O Zimbabué pretende conectar todas as suas escolas no âmbito de um programa de generalização do acesso à Internet, mas esta ambição esbarra nas limitações da rede de telecomunicações, que ainda deixa algumas zonas e parte da população de fora.

O governo zimbabuense decidiu equipar as escolas primárias e secundárias do país com 8.000 kits de Internet Starlink.

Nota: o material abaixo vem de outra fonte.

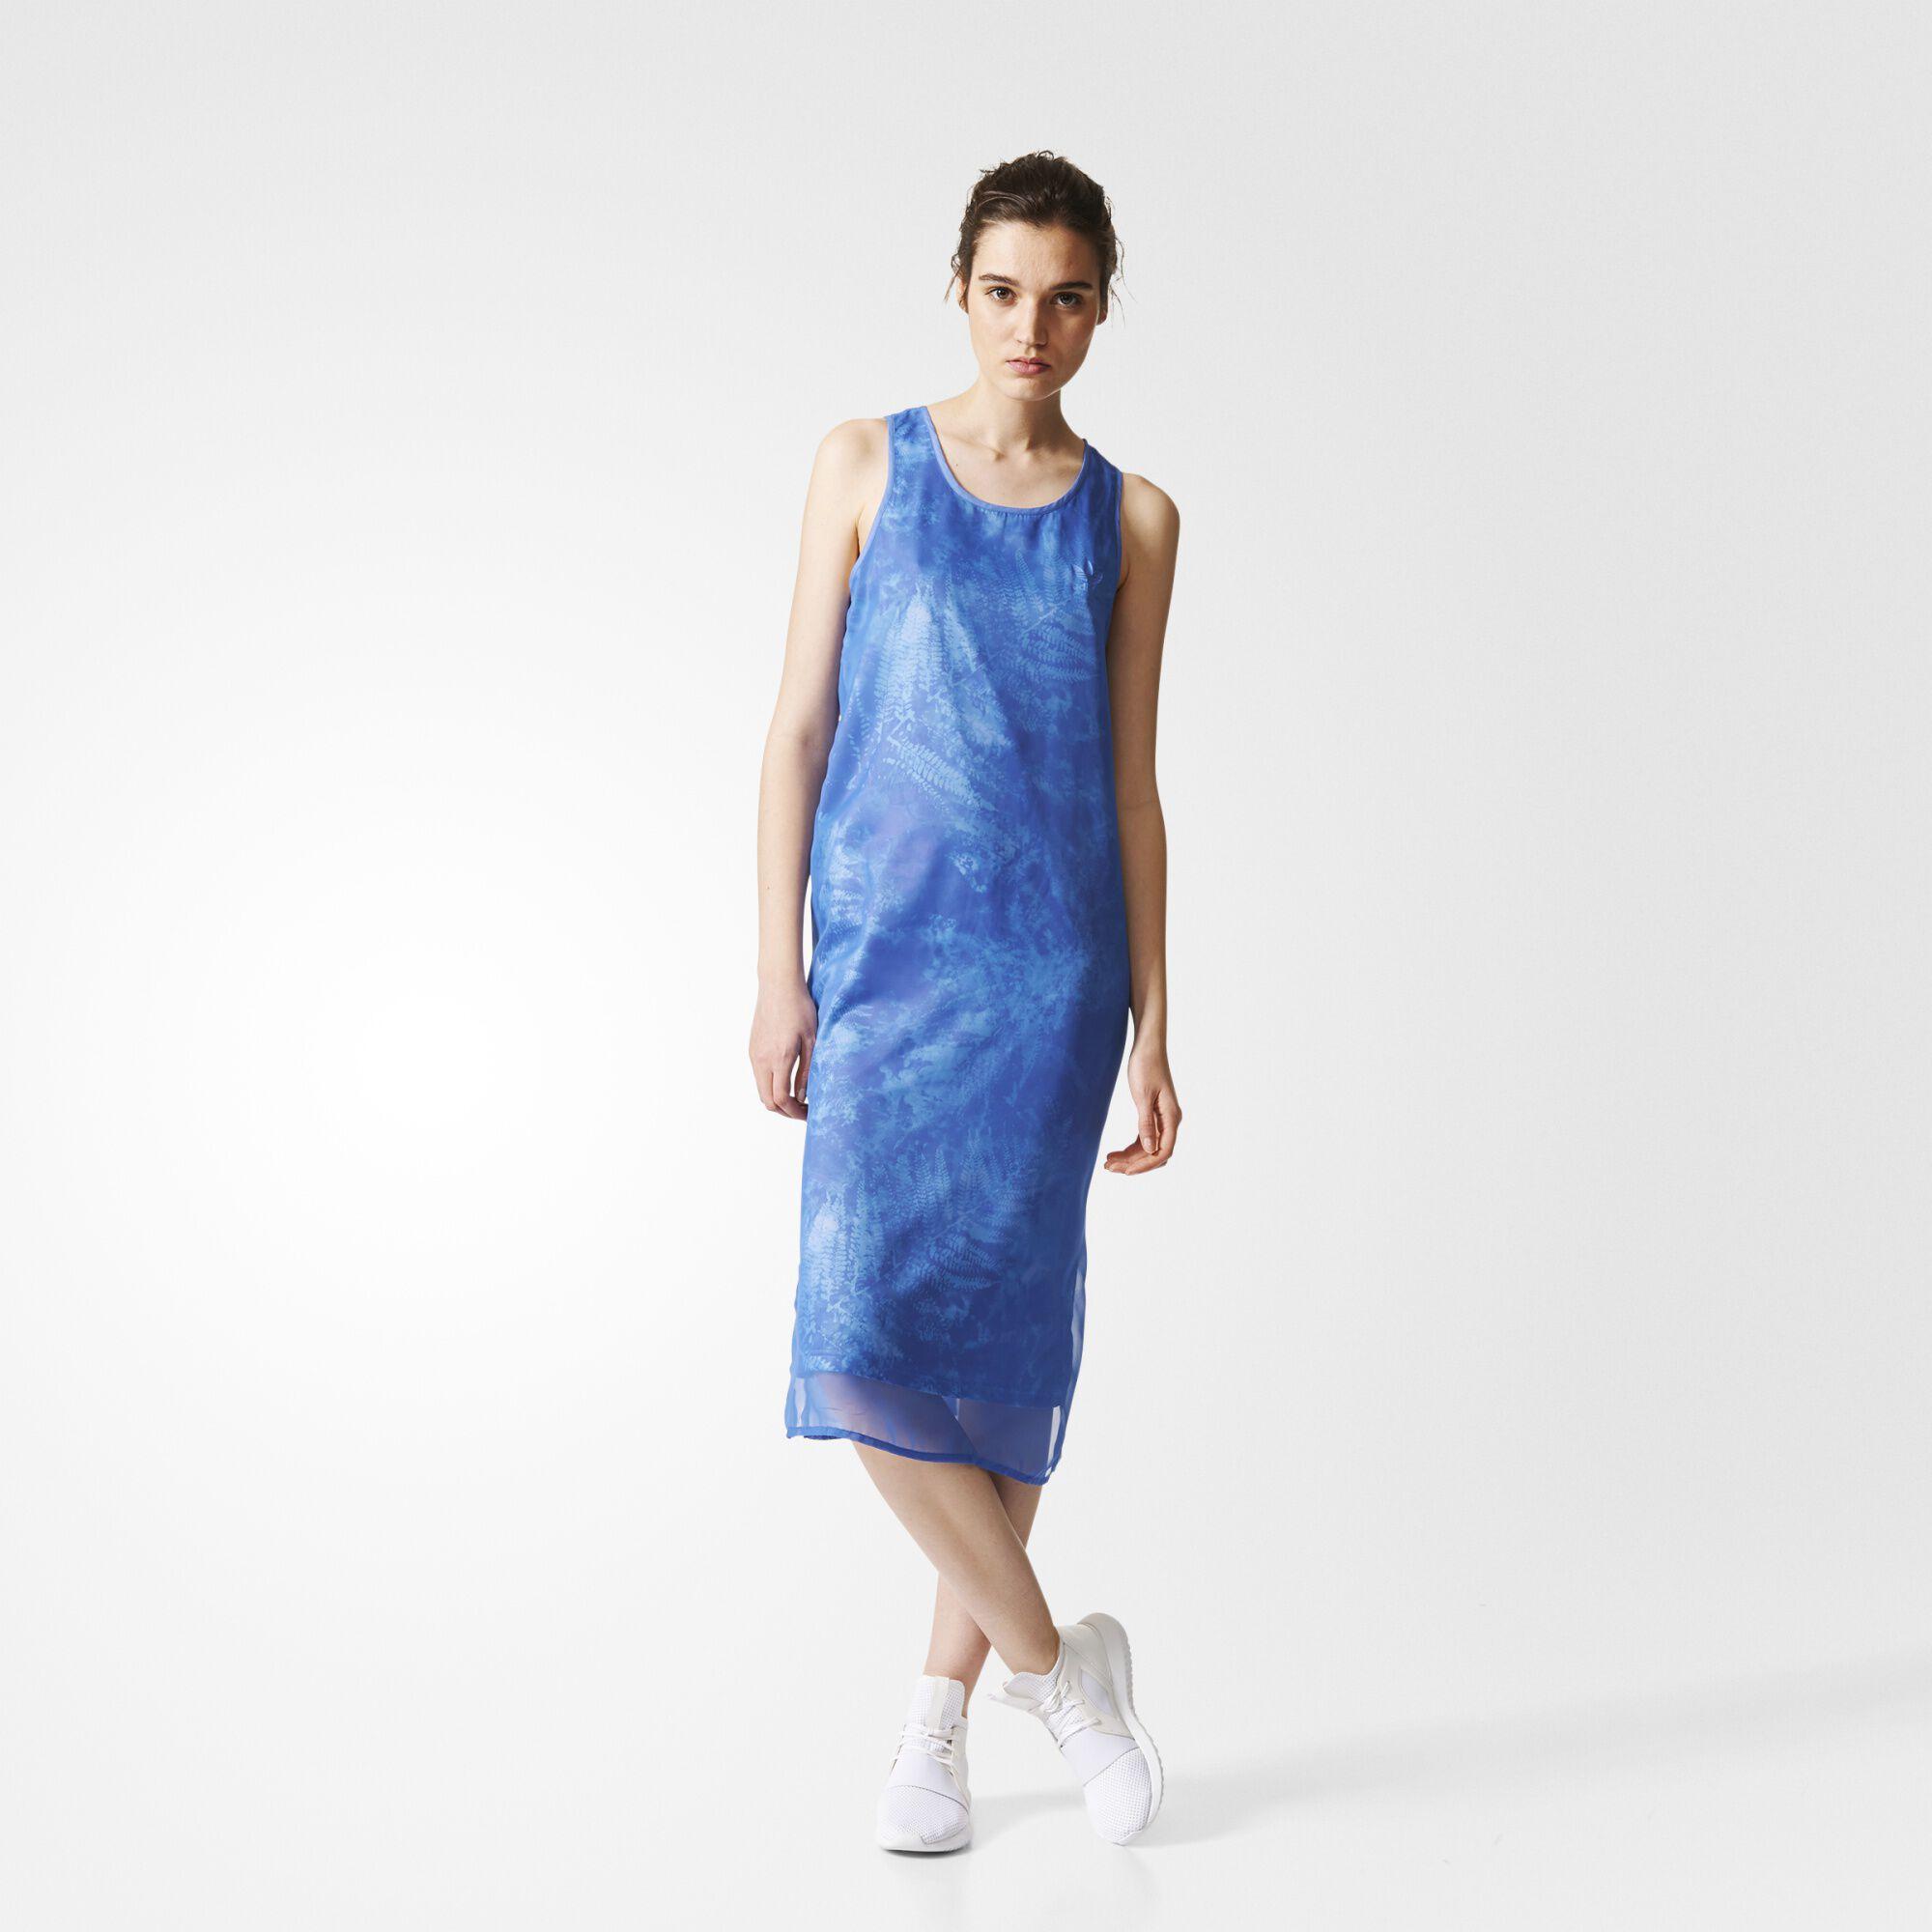 just taylor dresses

Segundo as autoridades, esta iniciativa visa garantir conectividade a nível nacional para os estabelecimentos escolares, especialmente nas zonas remotas e mal servidas.

Os equipamentos foram oficialmente entregues na quarta-feira, 21 de janeiro, pelo Ministério das Tecnologias da Informação e Comunicação (TIC) ao Ministério da Educação Primária e Secundária. Nesta ocasião, a ministra das TIC, Tatenda Mavetera, afirmou que o programa pretende reduzir a lacuna digital e oferecer aos alunos de todo o Zimbabué acesso a serviços de Internet acessíveis e fiáveis.

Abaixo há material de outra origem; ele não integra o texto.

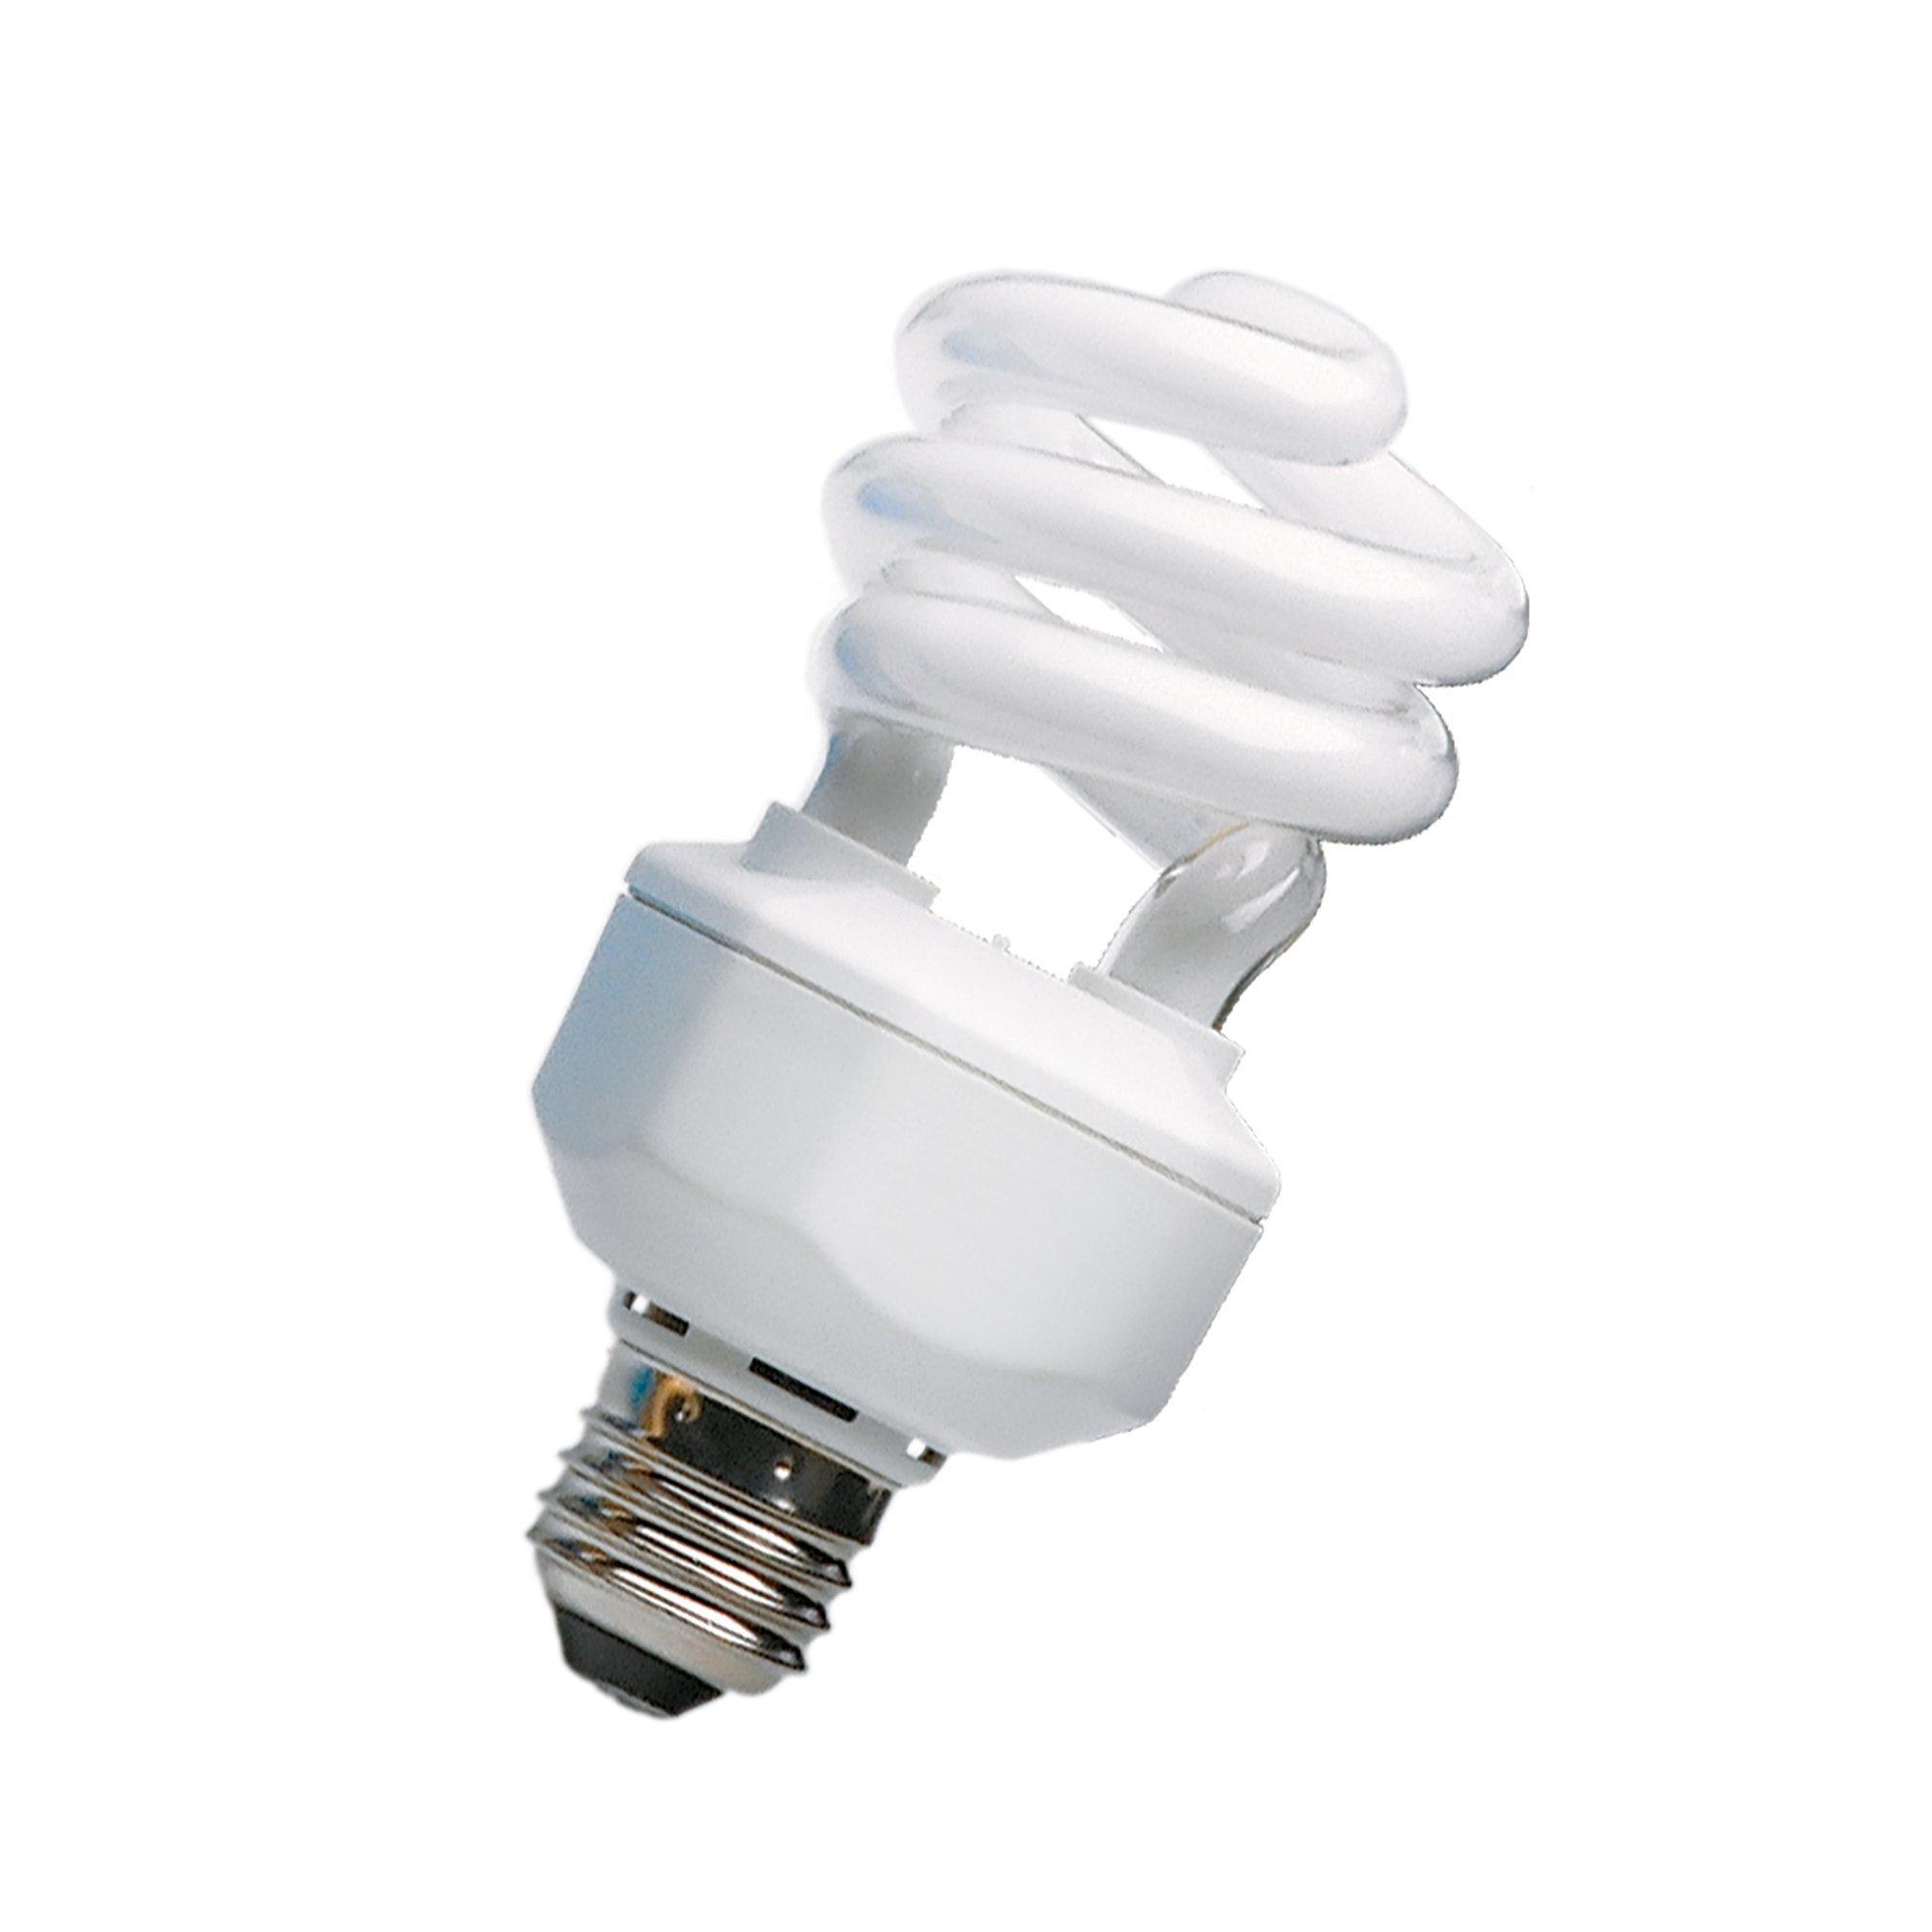 Zilla Desert Fluorescent UVB/UVA Bulb, 20 Watt, 3.875 IN by Zilla (Image #4)

Num comunicado publicado no X, o Ministério das TIC precisou que «esta iniciativa deverá reforçar a aprendizagem digital, melhorar o acesso a recursos educativos globais e preparar os alunos para participar de forma competitiva na economia digital». Acrescentou ainda que esta ação se insere nos esforços do governo para modernizar o setor da educação e promover um acesso inclusivo às tecnologias de informação e comunicação.

O Zimbabué já beneficia do projeto GIGA, uma iniciativa conjunta da União Internacional das Telecomunicações (UIT) e do UNICEF, que visa conectar todas as escolas do mundo à Internet. Segundo dados oficiais citados pelo GIGA em março de 2025, 3.500 estabelecimentos escolares zimbabueses, num total de 7.000, já estão conectados. A UIT comprometeu-se a colaborar com as autoridades nacionais para identificar as soluções de conectividade mais eficazes e rentáveis para as escolas restantes.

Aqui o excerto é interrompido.